- Developer: Lankhor
- Publishers: Lankhor Ubi Soft (Amiga)
- Programmer: Daniel Macré
- Artist: Dominique Sablons ;
- Composer: André Bescond
- Platforms: Amiga, Atari ST, MS-DOS
- Release: WW: 1991;
- Genre: Racing
- Modes: Single-player, multiplayer

= Vroom (video game) =

1991 video game

Vroom is a 1991 racing game developed and published by Lankhor and programmed by Daniel Macré. It was first released in 1991 for the Atari ST and later for the Amiga and MS-DOS. A multiplayer version was later released along with an add-on pack containing more tracks.

== Gameplay ==
Vroom is a racing video game with a first-person perspective where the player takes on the role of a car. Players can choose one of six circuits and contains three modes; training, arcade and championship.

== Development ==
Vroom was programmed by Daniel Macré who started making video games more out of frustration because programming was not part of his responsibility anymore at work and released the first version of the game on the Sinclair QL in 1986. The game was made in six months. The game's title came from a French comic series Michel Vaillant. In 1993, Lankhor adapted the game on the Sega Genesis under FIA license under the title F1 and was published by Domark.

== Reception ==
Vroom has received positive reviews from critics praising the fast-paced and simple-yet-addictive gameplay. Amiga Computing said the fast-paced game had turned the reviewer into a "driving freak". Amiga Format wrote that the game was fast, fun, funky, and French.

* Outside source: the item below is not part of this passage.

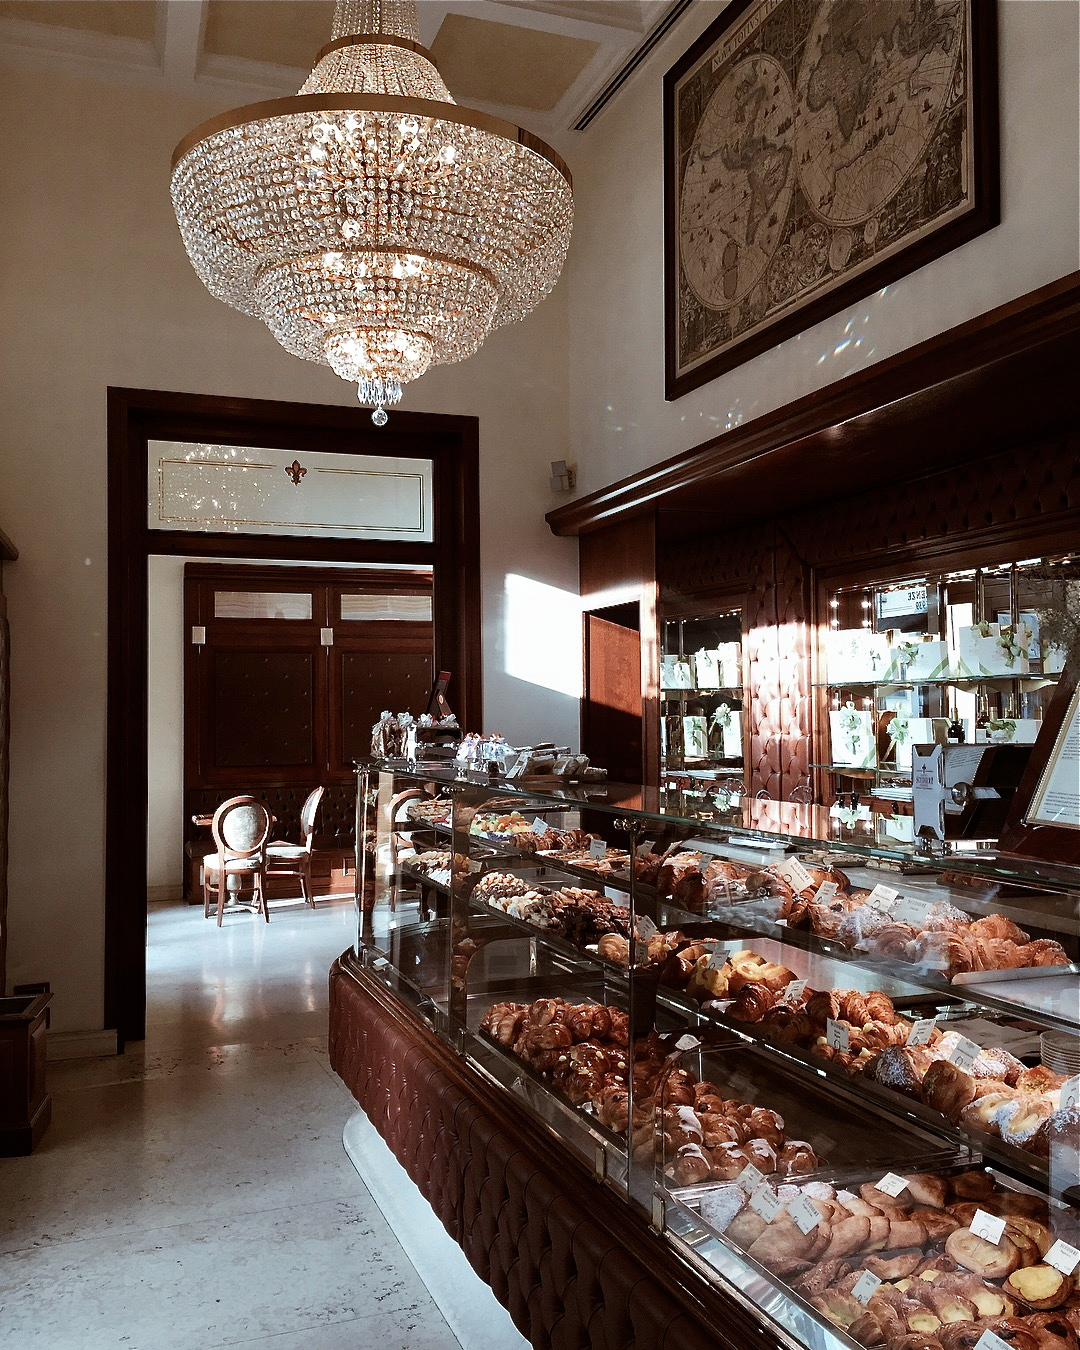 Caffe Scudieri, Florence, Italy

Meanwhile, The One For Amiga Games felt the game was both fast and fun, and an easy game to get into. Amiga Mania liked that the game was not overly complicated. Amiga Action confessed it was hard to fault the game. Amiga Power said the game was faster than F1 GP, more playable than Lotus Turbo Challenge 2, prettier than Outrun Europa, and with a sillier name than Super Hang-On. Nevertheless, the site acknowledged that the game was pitted against strong competition. Games-X wrote that the game was a great entry in an inexhaustible genre that kept getting better. On the contrary, CU Amiga felt the simple gameplay was the title's downfall. The game has won the Tilt d'or awards for sports simulation by Tilt magazine.

== Legacy ==
Vroom Multiplayer is a 1993 expansion pack of Vroom which the developers said that the expansion pack was fundamentally more beautiful than on Amiga or Atari ST. The expansion pack was completely independent of the other versions and has some new features such as multiplayer option. A single-player add-on titled Vroom Data Disk was released in 1992 for Amiga and Atari ST. The add-on adds six new circuits and the Atari ST version has joystick control option in competition mode.